Camping participation has surged in recent years. KOA reports that 58 million households camped between 2020-2023, and by 2024, 11 million more households were camping compared to 2019. That demand translated into $61 billion in camping expenditures in 2024, underscoring the sector’s role as a major driver of the travel economy. RVing remains central to this growth, with nearly 15 million households camping in RVs at its 2022 peak and about 10 million doing so in 2024. RV travel remains at the core of this momentum, drawing nearly 15 million households in 2022 and still engaging about 10 million in 2024.
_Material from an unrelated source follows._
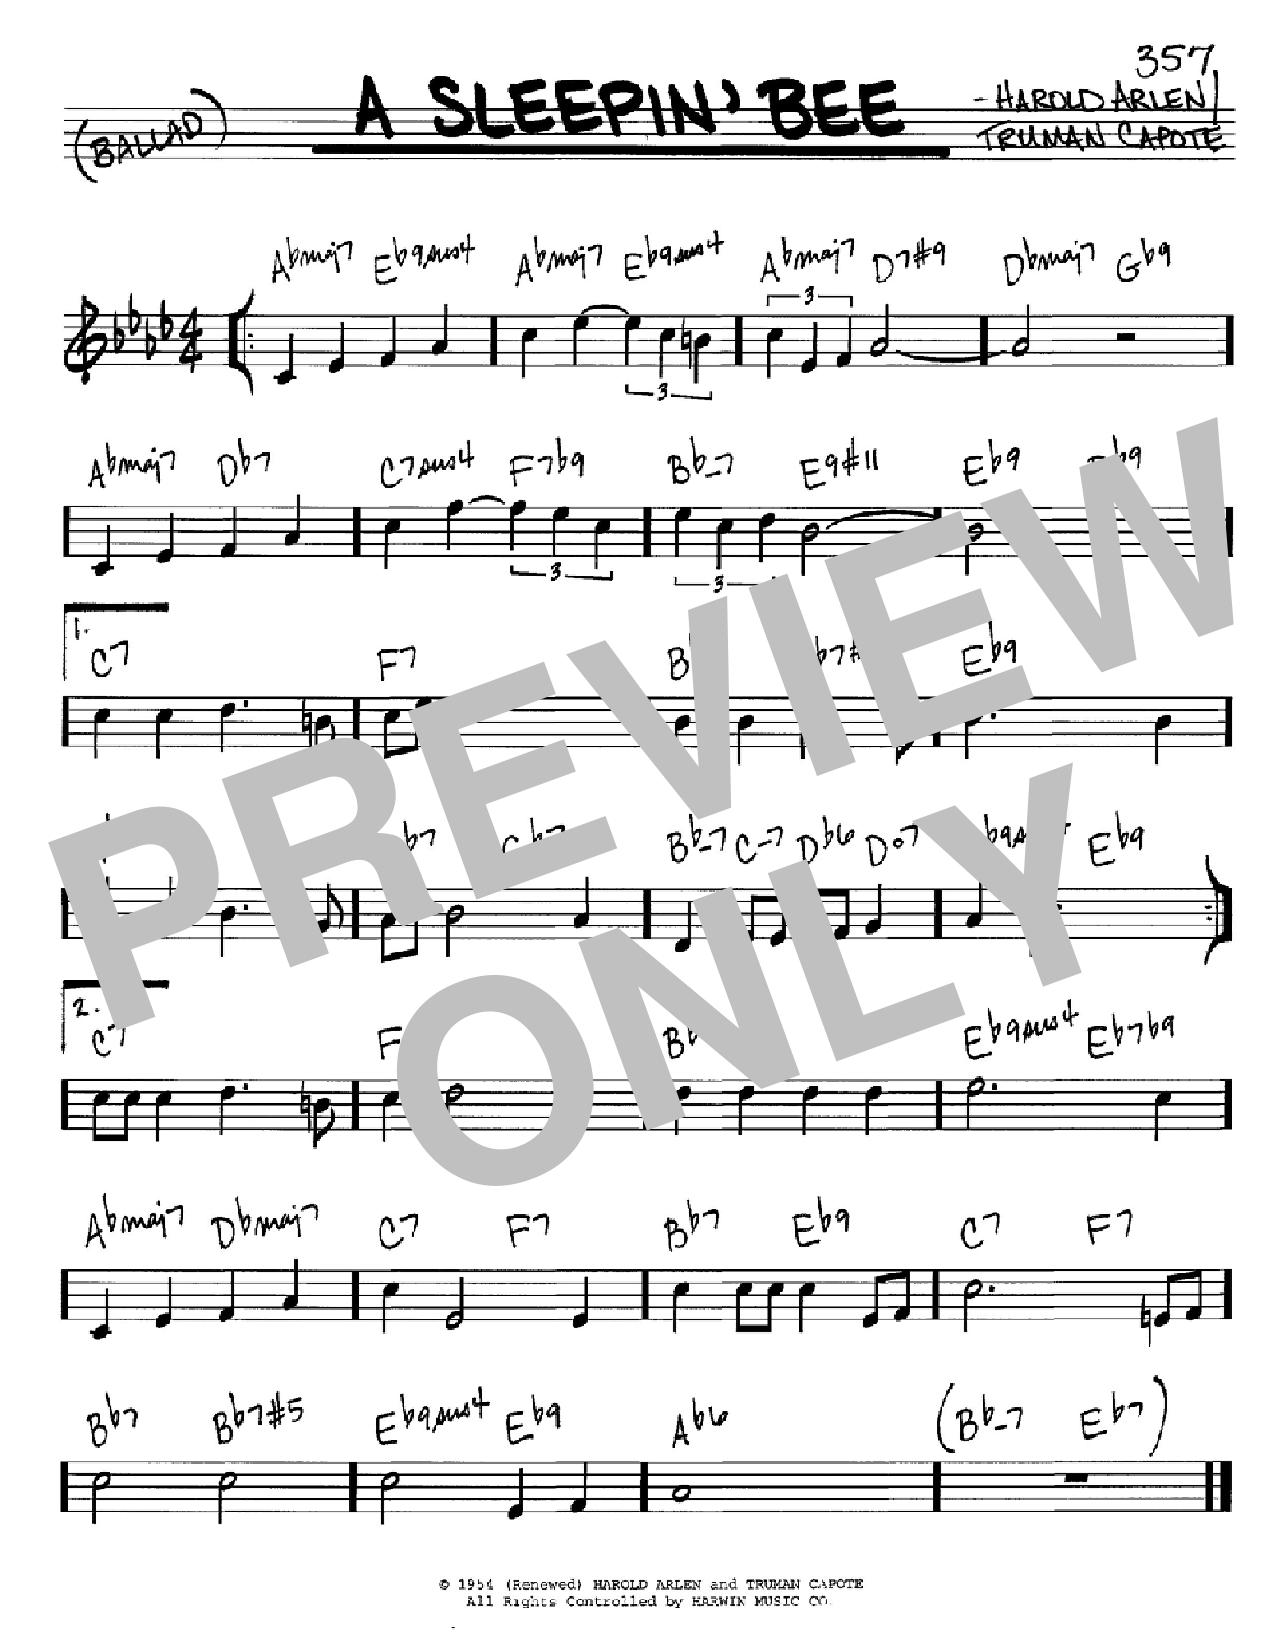 A Sleepin' Bee Sheet Music

The demographic base of campers is shifting as younger generations take the lead. Millennials now comprise 31% of all campers, with Gen Z close behind at 26%, indicating a strong pipeline of future demand. According to the RV Industry Association (RVIA), today’s RV owners are younger, more representative of the broader population, and using their RVs more often – a median of 30 days per year, up 50% since 2021. With 8.1 million households currently owning an RV and another 16.9 million considering a purchase within five years, the outlook for growth remains robust.

 

What’s Fueling the Growth of This Industry?

Demand-Side Drivers

  • Record RV Ownership: RVIA reports 8.1 million U.S. households own an RV
  • Remote Work Culture: Full-time RV living and hybrid travel/work lifestyles on the rise
  • Affordability vs. Hotels: RV stays often cost less than hotels, especially for families
  • Public Land Access: 640M+ acres of public land sustain long-term demand
  • Generational Shift: Millennials (31%) and Gen Z (26%) now drive most camping activity

Supply-Side Trends

  • Increased Private Equity Investment: Firms like Blackstone and Sun Communities are expanding portfolios
  • Big-Name Entry: Hotel giants such as Hyatt, Hilton, Marriott, and BWH Hotels are venturing into outdoor hospitality
  • Continued development: New parks and expansions keep rising despite zoning challenges
  • Amenity-Driven Differentiation: Wi-Fi, pools, playgrounds, and community events are becoming standard
  • Glamping Growth: Luxury tents, yurts, and tiny homes broaden the market beyond RV users

 

TL; DR: How Big Is the RV Park & Campground Industry?

 

  • Scale: Over 16,200 privately owned RV parks with 1.3M+ campsites, plus 1,500 public campgrounds; industry valued at $10.9 billion in 2025.
  • Participation: 58 million households camped 2020–2023, with 11 million more camping in 2024 vs. 2019; Millennials (31%) and Gen Z (26%) now lead participation.
  • Economic Impact: $61 billion in camping expenditures (2024), fueling local tourism and rural economies.
  • Facility Types: 3.6% offer glamping, 10.3% feature cabins/tiny homes/yurts, and 38% are long-term lease communities.
  • Geography: Half of all parks are in the South; top states are Texas (~3,000+ parks), Florida (1,000+), and California (919).
  • Ownership: Still fragmented with 88% independently owned, just 2% REITs, and 10% multi-facility owners, leaving room for consolidation.